* **Exercise data**:
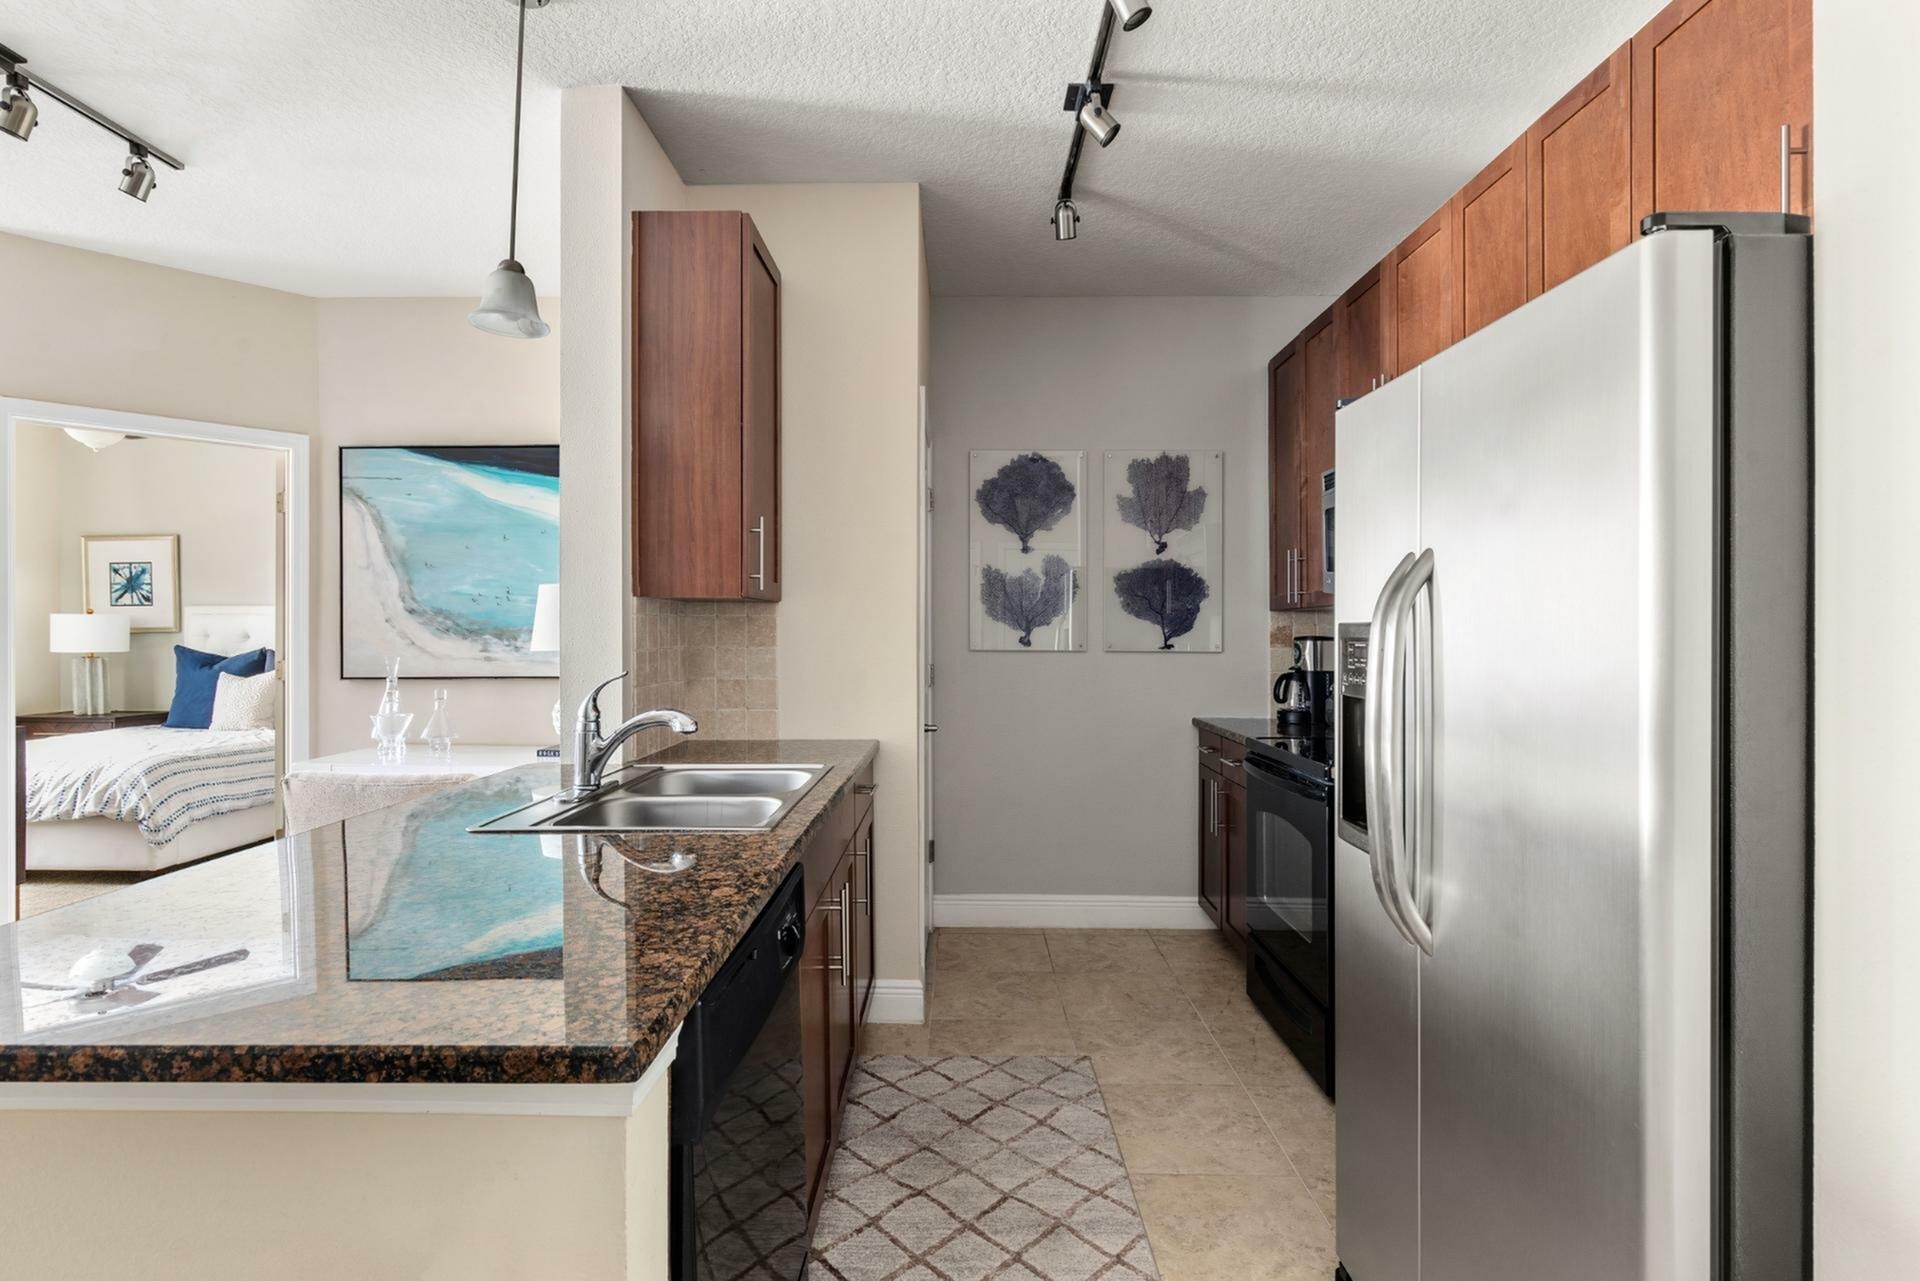 Kitchen | Apartments in Tampa, FL | Citrus Village
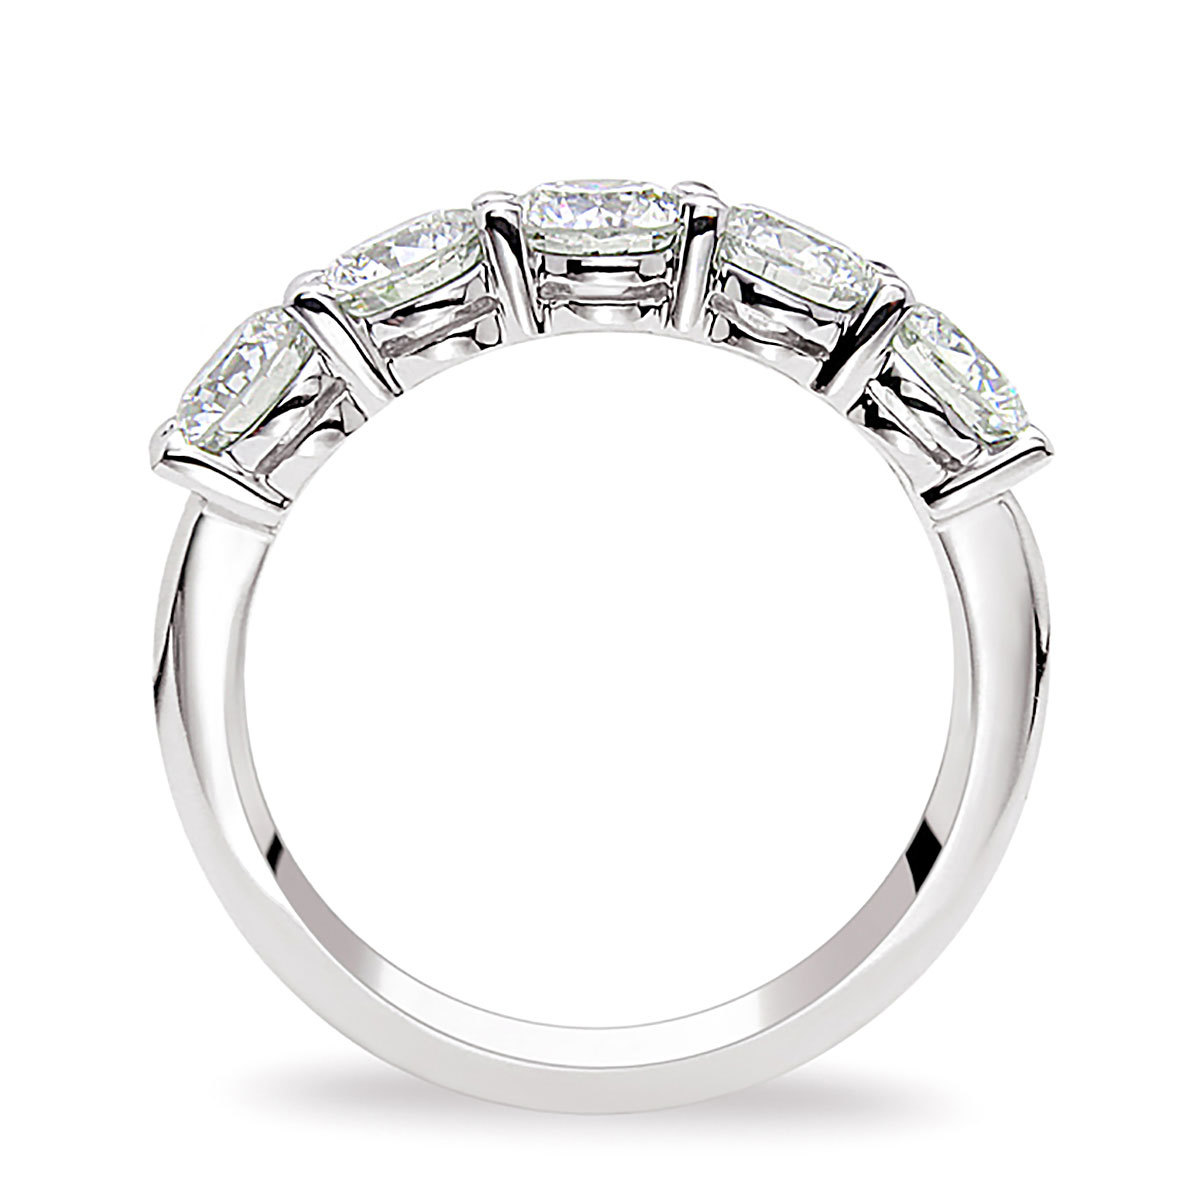 2.00ctw Round Brilliant Cut 5 Stone Diamond Ring, Platinum
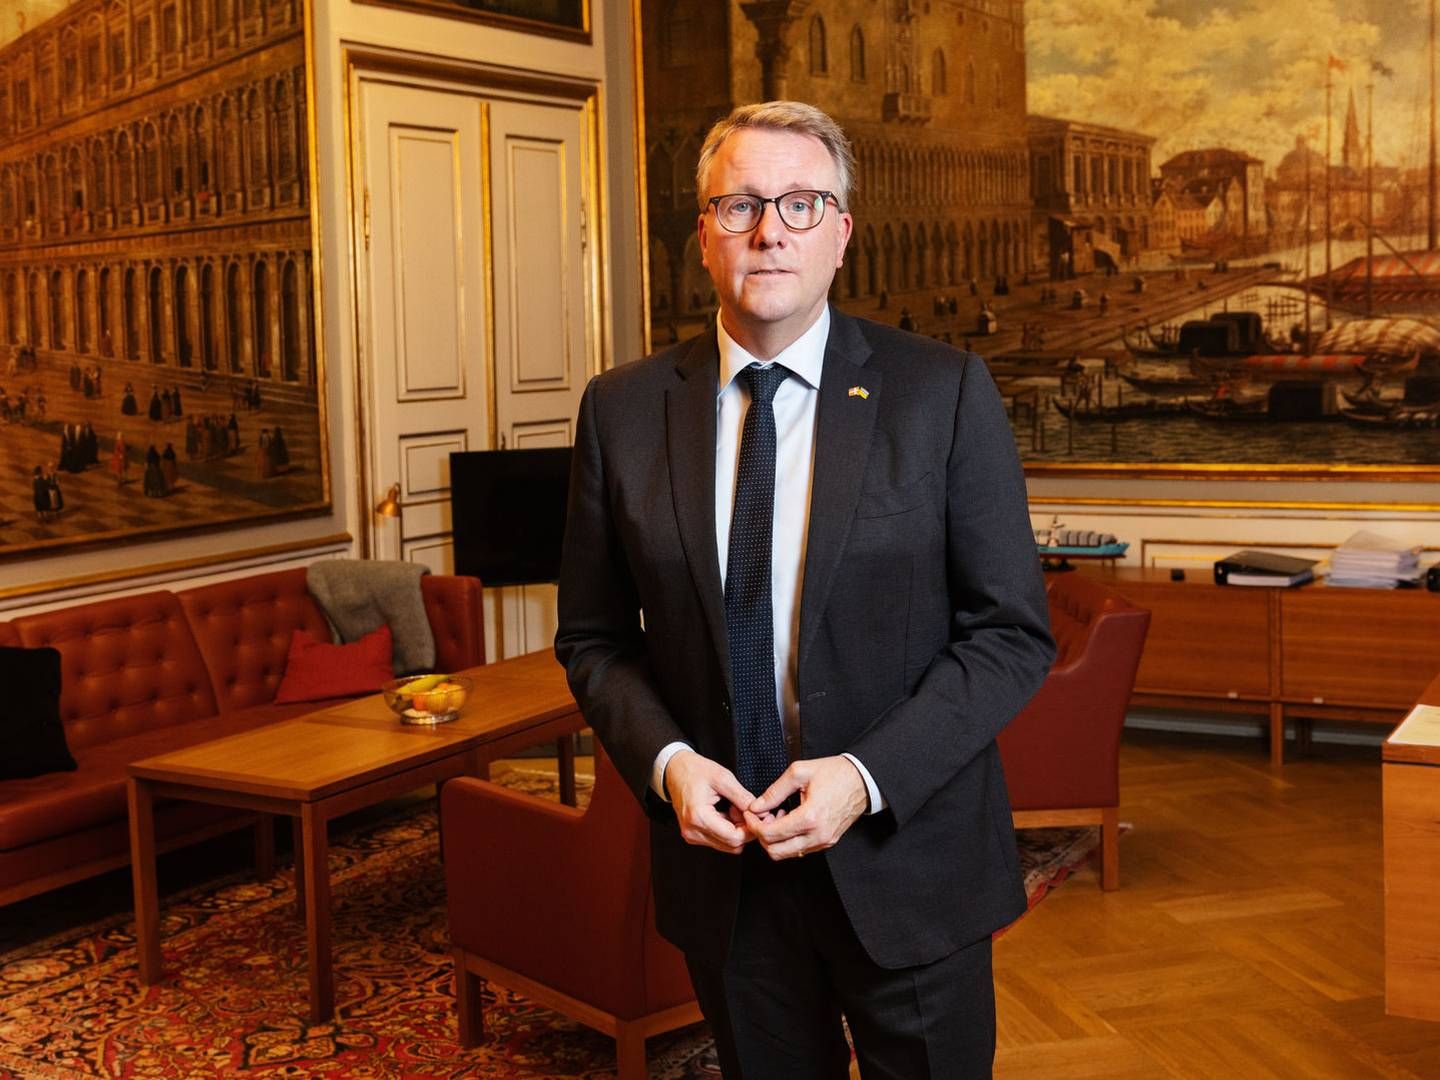 Erhvervsminister Morten Bødskov (S) vil opretholde skærpet prisovervågning året ud, men ikke dykke dybere.

* **To do**: Using the data above, print every line exactly, omitting pictures.

* **Solution**:
 Kitchen | Apartments in Tampa, FL | Citrus Village
 2.00ctw Round Brilliant Cut 5 Stone Diamond Ring, Platinum
 Erhvervsminister Morten Bødskov (S) vil opretholde skærpet prisovervågning året ud, men ikke dykke dybere.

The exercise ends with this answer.